According to Laurence Kotlikoff, you must become an owner and not a tenant. Investing a good part of your money in real estate is a way to shelter it from taxes. The finance expert details another reason: “Let’s say you’re 70 years old and you’ve found your dream place. By renting for the rest of your life, you run the risk of a rent increase with no possibility of an increase in your fixed income. On the other hand, if you are a homeowner, house prices may skyrocket or collapse, but you will be protected and it will not affect you. »

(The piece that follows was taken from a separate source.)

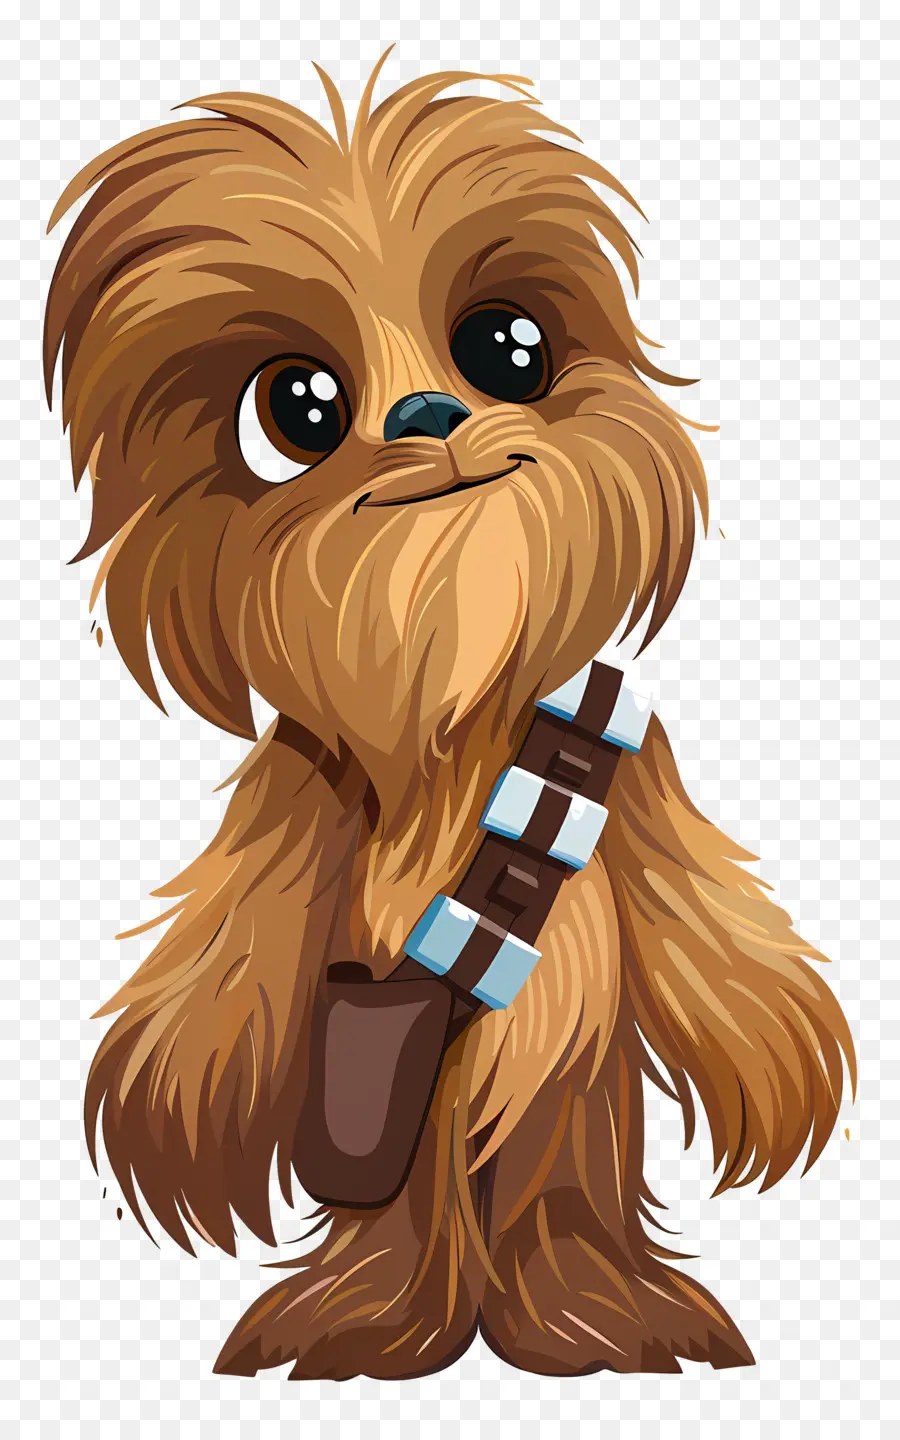 chiến tranh giữa các vì sao - Happy Chewbacca mặc trang phục màu nâu đứng tự tin

You don’t need to buy a million dollar home, you just need to have a solid structure and buy in a promising area.

3. Choosing a job that everyone hates except you

People who work in unpleasant or stressful jobs are generally better paid than those who, with equal skills, work in jobs that do not have any of these disadvantages. Economists call this additional compensation a “ compensatory differential“. To benefit from it, you need to find work that you’re passionate about and, ideally, that others don’t like.

4. Start your own project

Working in a company that is not yours can be compared to being a tenant. Like if you rented an apartment or a house and the rent was more expensive than the landlord’s repayment credit. Result ? Your employer is much more profitable than you. If you pay rent of 500 euros and the owner repays a loan of 400 euros per month, he earns 100 euros per month and on top of that he owns the apartment. You thus contribute to enriching someone else’s projects.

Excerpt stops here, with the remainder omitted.